В Голливуде Эвита отказалась когда-то от места парикмахерши или официантки в баре в ожидании своего шанса в кино. Презирая работу, связанную с услужением, даже если все вокруг убеждали в необходимости уступить, чтобы выжить, Эвита выжила своими собственными средствами. Презрение и ярость поддерживали ее.

После неудач с железнодорожниками, со старым генералом Молиной, с папским посланником, который не привез ей даже медали, после этого тройного распятия на кресте Эвита перестала ждать, надеяться и утешаться увертками и хитростями. Воля, полностью подчиненная чувству мести, продиктовала ей создать Фонд, чтобы расправиться с Благотворительным обществом. Теперь она возжелала получить пост, который в Латинской Америке никогда не занимала женщина: вице-президентство. Эвита считала это единственно возможной компенсацией за унижения прошедшего года.

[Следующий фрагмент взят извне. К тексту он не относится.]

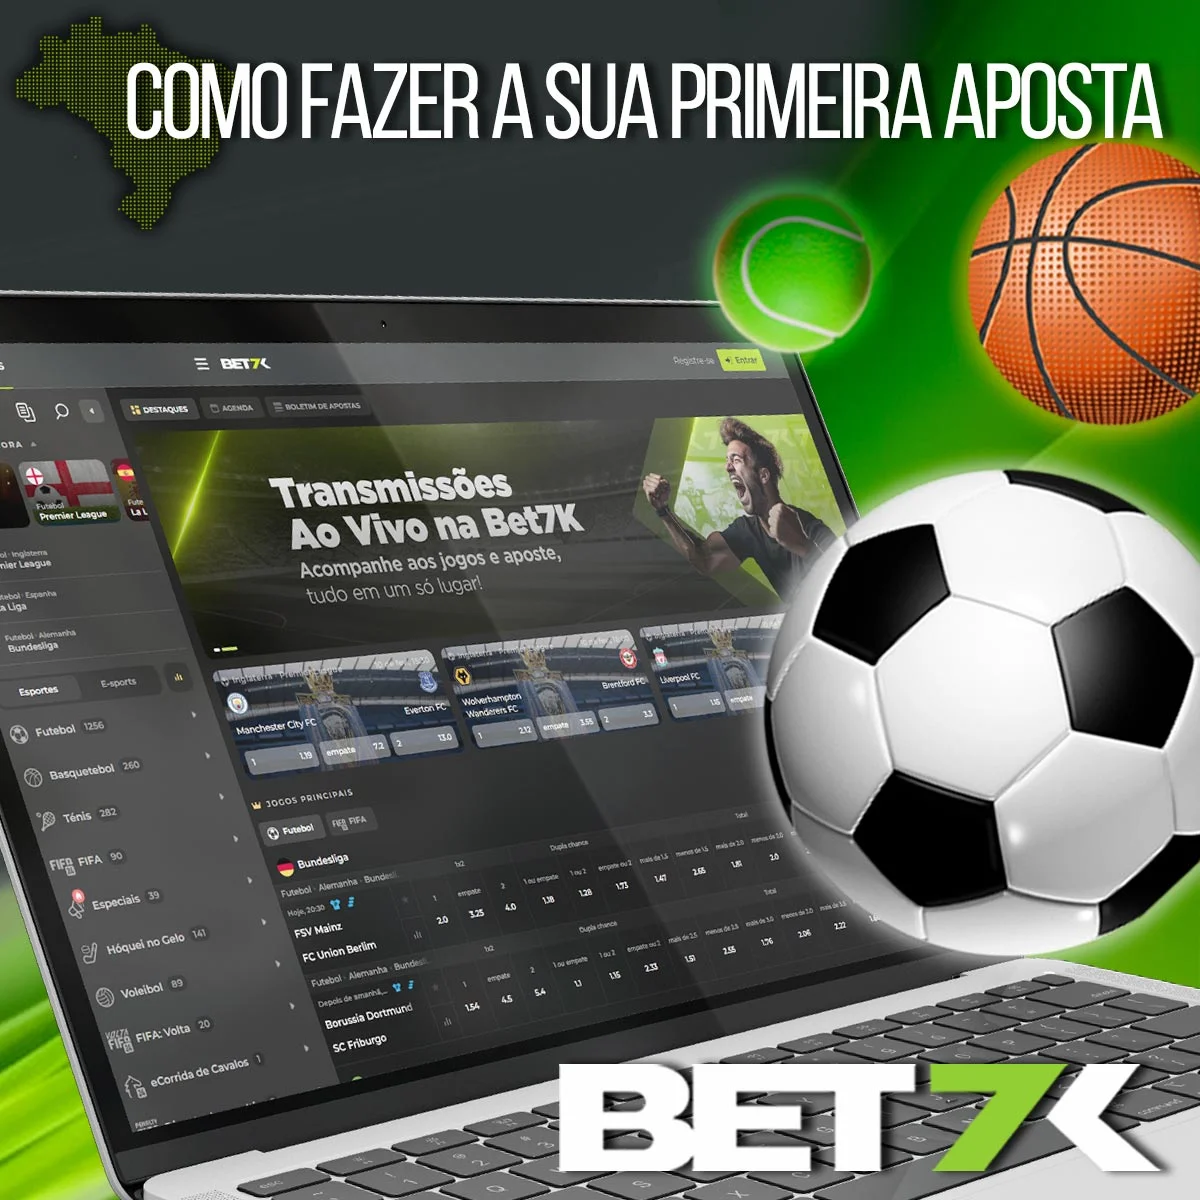 Como fazer sua primeira aposta na casa de apostas Bet7k no Brasil

Добиваясь вице-президентства, Эвита начала с ухаживания за консерваторами. Обманутая народом, как ей казалось, Эвита убеждала себя, что оказывает милость этим отжившим свое чудакам, предлагая им выдвинуть ее на пост вице-президента. Но крупные собственники и богатые фермеры пережили слишком много публичных оскорблений, слишком часто их обирал Фонд во имя святыни национальной благотворительности. Они не согласились склониться перед Эвитой, не захотели послужить ей якорем спасения.